There are many things in our lifetime that we will never fully comprehend. Losing a loved one is one of them.
Trying to make sense of how someone could be there one second - a living, breathing person who was warm to the touch, and who helped you navigate life’s many mysteries - and gone the next will send your mind into a dark spiral (if you spend too much time thinking about it).
Everyone knows the 5 stages of the grieving process: denial, anger, bargaining, depression, and acceptance but what does that all actually mean? How does knowing this process help you continue living your life after someone important has passed?
The first thing any of us want to do when we’re in pain is to be on the other side of it. Dealing with pain isn’t fun, however, running away from it will only do more damage than good in the long run. It will only prolong the healing process.
You’re going to be in pain. You’re going to cry. Let it happen. Take all the time you need. When you’re ready - go through old photos, videos, and voice recordings.

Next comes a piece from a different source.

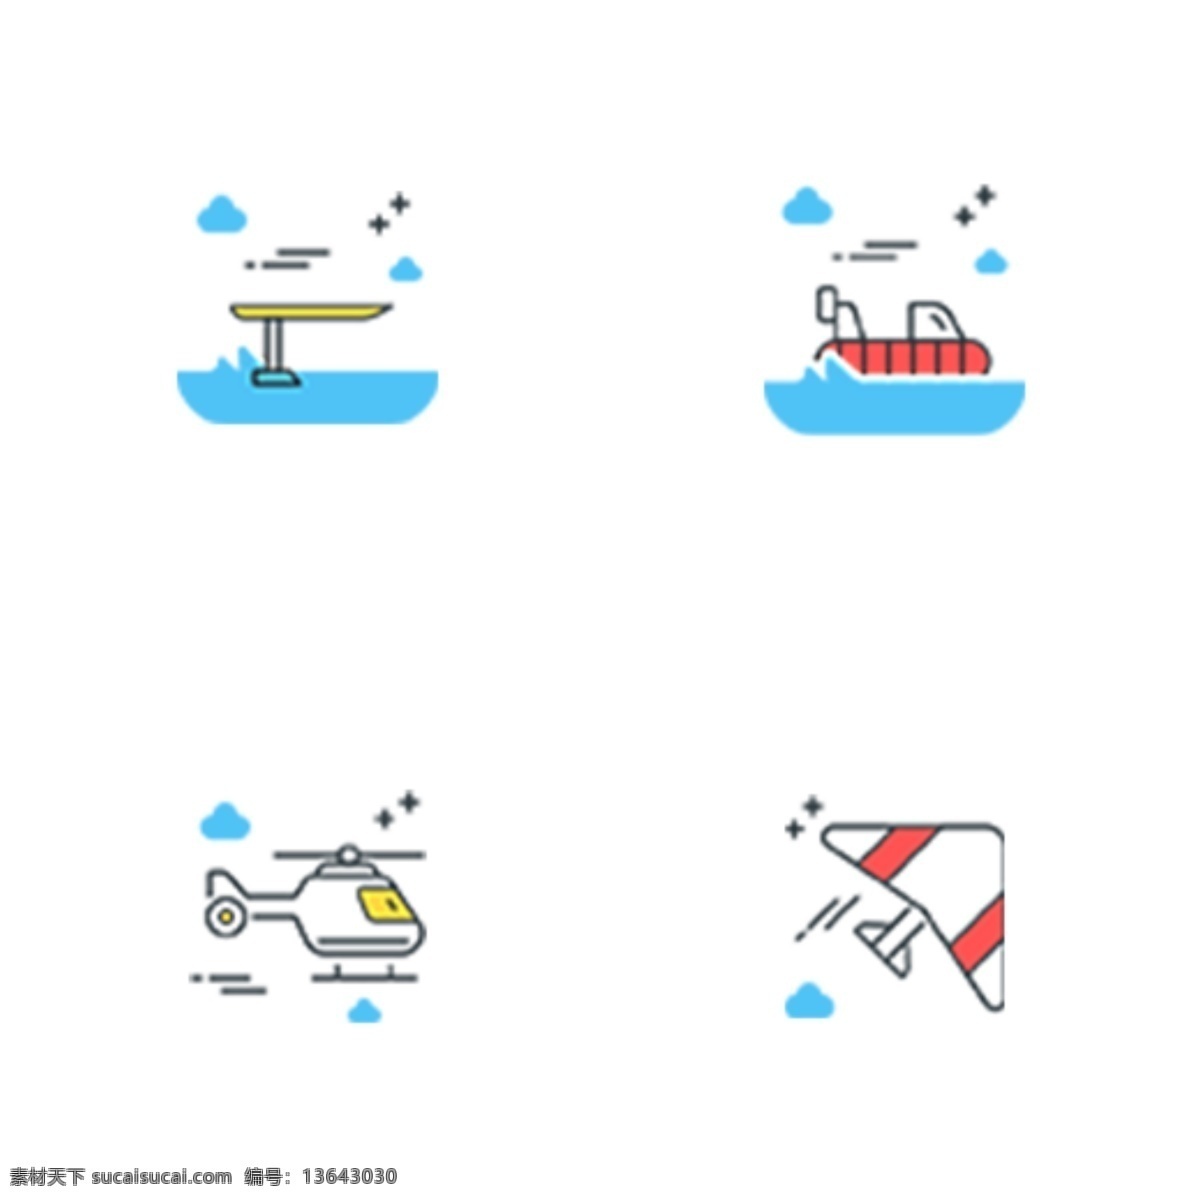 彩色 创意 交通工具 图标 元素 水上交通工具 卡通插画 ui 扁平化 直升飞机 飞机

Being exposed to the images you’re trying so desperately to avoid will help you get more desensitized to them. It’s hard to think of the good times when you’re too busy running away from anything that reminds you of them.
You Will Have Outbursts
Realize that anything can and will trigger you into a memory of them. Even when it doesn’t pull up a mental image of them in your mind, it might still evoke a strong emotion (commonly anger or sadness).
Don’t beat yourself up for these outburst. They’re going to happen, it’s just a part of the healing process. However, you should never use it as an excuse to be cruel to others. Everything you say and do can have consequence and you’re responsible for your actions. In the heat of the moment, grief can make us do out uncharacteristic things. Decipher whether it was grief or a desperate attempt at control. If it’s the latter, take the proper steps to prevent it from getting worse.

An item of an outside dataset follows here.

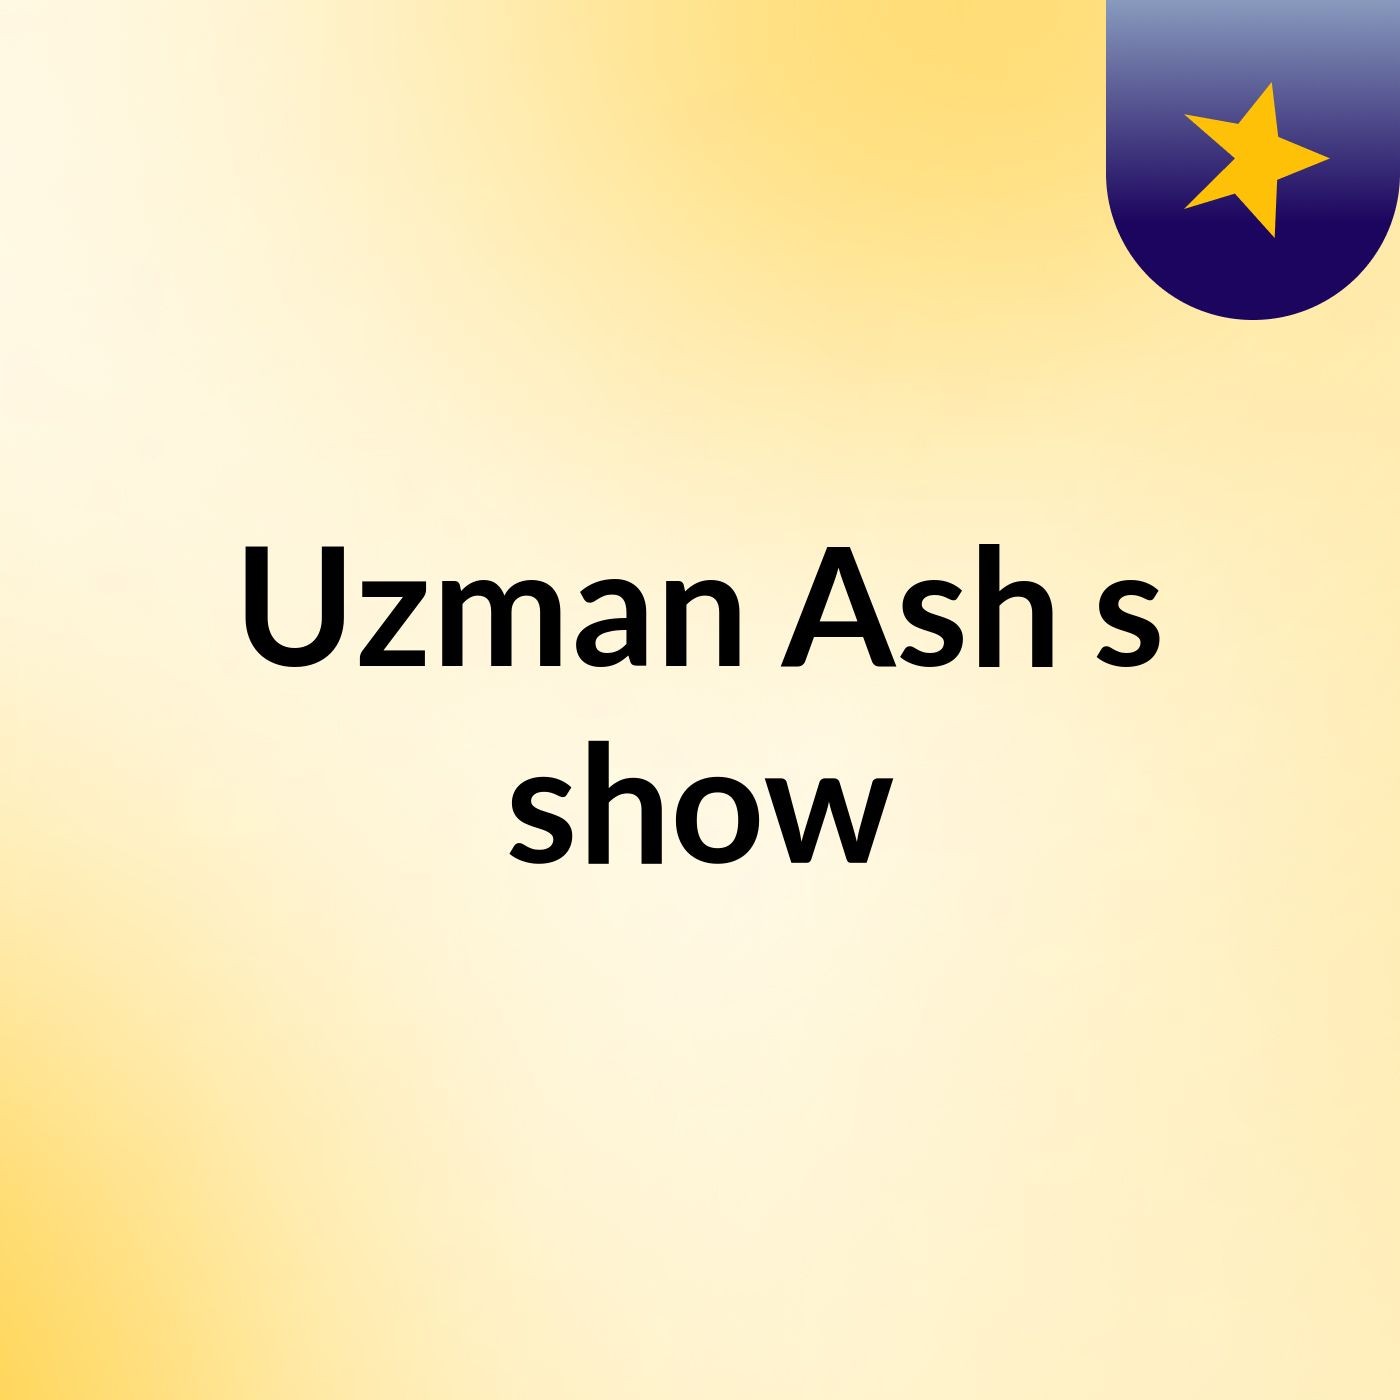 Uzman Ash's show

Understand You’ve Done Nothing Wrong and Could Not Have Changed the Outcome
One of the first things you might find yourself doing is blaming yourself for what happened. You might think: “I could have prevented it,” “if only I paid more attention,” or “I could have done more.”
The truth is, you did what you could in that moment and ultimately, you’re not a superhero, you’re only human. You can only do so much. Kicking yourself over what ifs will not turn back time or bring them back. The outcome will always remain the same and you have to accept that unfortunate fact.

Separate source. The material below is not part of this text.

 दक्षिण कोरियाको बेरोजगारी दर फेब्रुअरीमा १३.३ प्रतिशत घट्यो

Reach Out Even When You Want to Pull Away
Having a support group is very important during this period in your life. Even sharing your loss with friends, family, and coworkers will make you realize that other people in your life have also experienced loss.
During a time where you might feel alone and like no one else could possibly know how you feel, these people can share their personal experience with losing someone and how they overcame it. Surround yourself with people who care and understand how painful this period in your life is.
Eventually you’ll realize that you’ve accepted what happened. The time frame is different for everyone - it might be short for some and take years for others. Whenever it happens, that doesn’t mean the pain will magically disappear and you’ll never mourn the loss of your loved one again. It will always be painful. Some times to the point where you will cry. But for the most part, you’re able to think about that person fondly rather than replaying a constant loop of sad memories.
Good Memories Will Come (in Due Time)
There will come a day when you look at a specific object, think of them, and smile. Impossible right? It’s not. If you’ve only recently lost someone, it probably feels like it is but eventually you’ll get there.
Life is short but the time we spend together will always be special and cherished. No one wants to leave this Earth and become a dark cloud on someone else’s life. We owe it to them to remember them fondly. Take the lessons they taught with you, don’t shy away from the shows you used to watch together, or the music they introduced you to. When you’re ready, let it become good memories.
Losing someone is never easy. Even over time, the pain doesn’t fully go away but it does lessen and it becomes easier to manage. The grieving process can be a rocky ride but always remember: you can and will get through it.
One day, you’ll think of them and instead of feeling dread, you’ll feel grateful you had the chance to know them.